Mais quelle danse ! Ce n’était pas la gigue joyeuse des noces paysannes, ni encore moins la solennelle pavane des nobles. Non, c’était une danse convulsive, saccadée, comme si des fils invisibles tiraient ses membres dans tous les sens. Ses bras battaient l’air comme des branches dans le vent, ses jambes tournoyaient de travers, son corps entier semblait possédé par une force qui n’était pas la sienne.

Les gens sortirent de leurs maisons, alertés par le bruit. Ils formèrent un cercle autour de lui, bouche bée, ne sachant que faire. On n’osait approcher, craignant que ce ne fut contagieux. Certains riaient nerveusement. D’autres se signaient, murmurant des prières. Les enfants, avec cette cruauté innocente qui leur est propre, singeaient le malheureux danseur en braillant et en gesticulant.
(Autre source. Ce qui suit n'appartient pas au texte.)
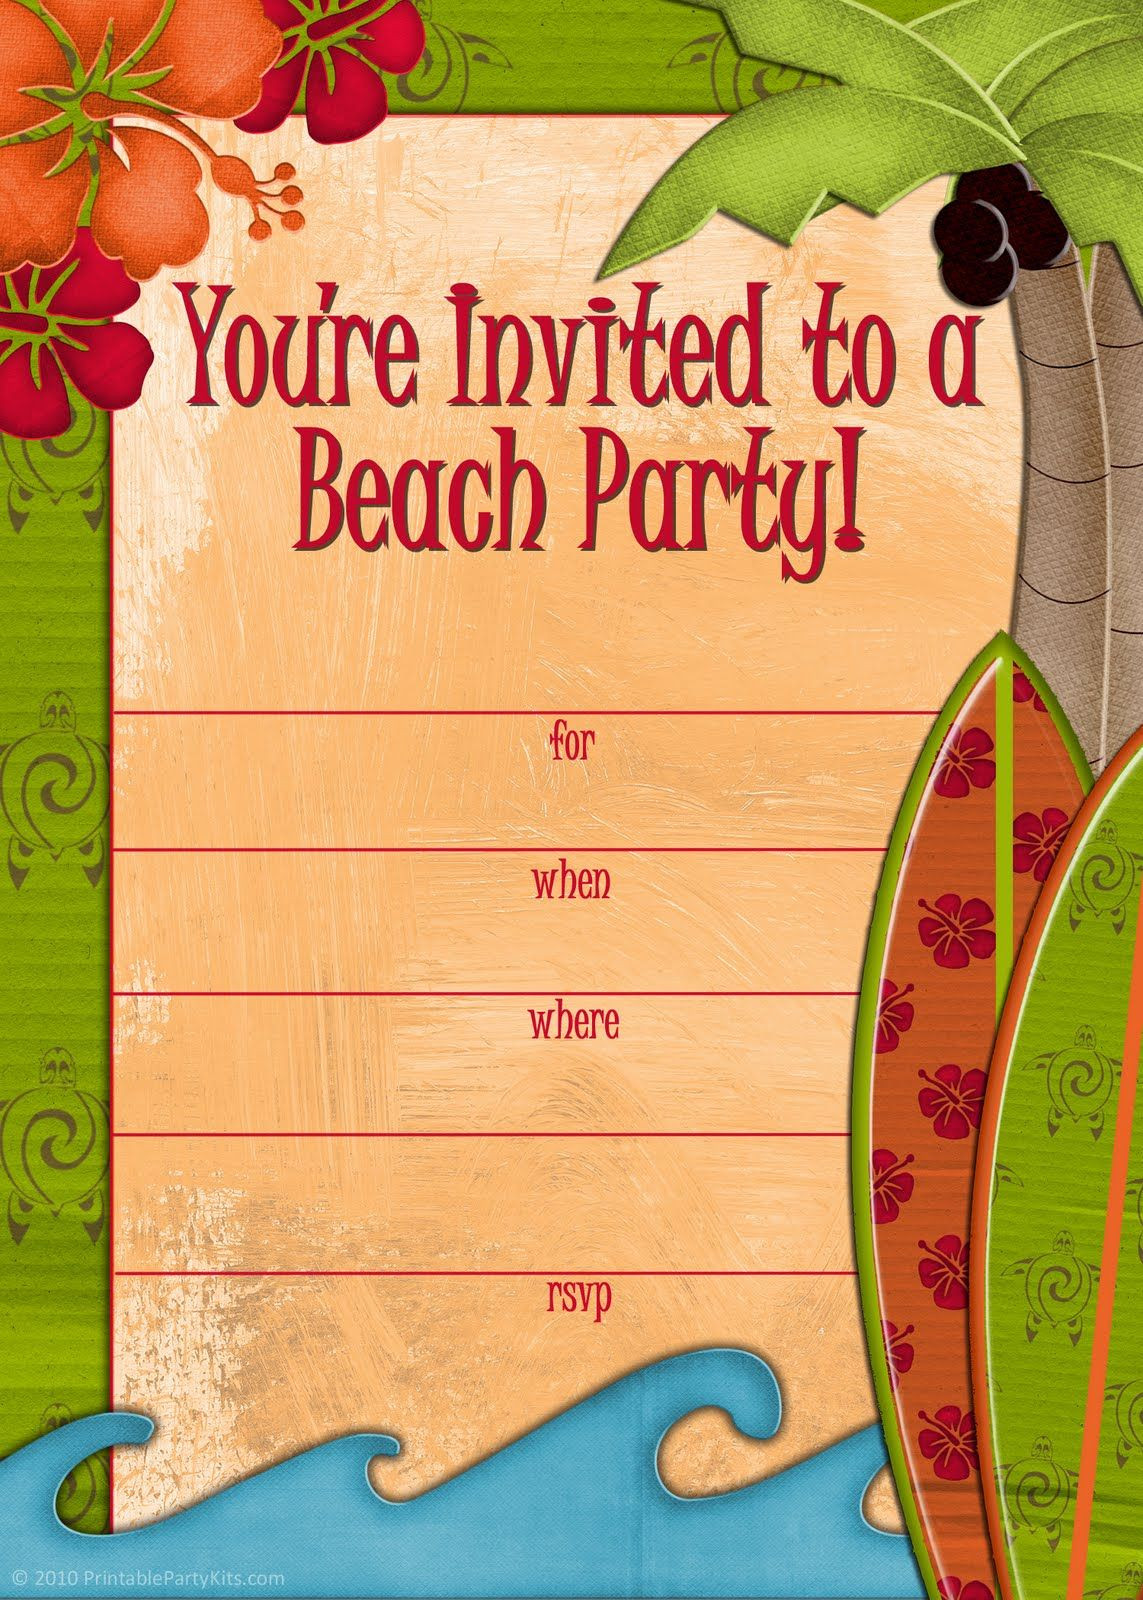 Beach Party Invitation Wording Ideas
 Free printable beach party invitations from

— Saltator ! criait Mostella en pleurant. Saltator, mon aimé, arrête ! Je t’en supplie. Reviens ! Reviens !

Mais il ne l’entendait pas. Ses yeux étaient arrimés aux nuages qui défilaient dans le ciel nocturne, et sur son visage, la folie avait remplacé la tristesse qu’elle y avait vue autrefois. Pourtant, Mostella en était sûre, il ne voyait pas ces nuages, il voyait quelque chose d’autre, quelque chose de terrible. Sa bouche se tordait en grimaces affreuses où perçait une expression indicible.

Les gens de la ville tentèrent par mille fois de l’arrêter. Le voïvode envoya ses gardes, de solides gaillards habitués à maîtriser les ivrognes et les forcenés, mais ils ne purent l’approcher : il semblait leur échapper à chaque fois avec une agilité surnaturelle, se glissant entre leurs bras comme une anguille, continuant sa danse funeste un peu plus loin.

Il dansa jusqu’à l’épuisement. Jusqu’à ce que ses pieds saignent dans la neige, laissant des traces rouges qui fumaient dans le froid. Jusqu’à ce que son souffle devienne rauque et sifflant.

Quand enfin il s’effondra, à l’aube, la neige avait cessé de tomber. Il resta là, étendu dans la rue, haletant comme un animal blessé. On le porta dans son lit. Il dormit tout le jour.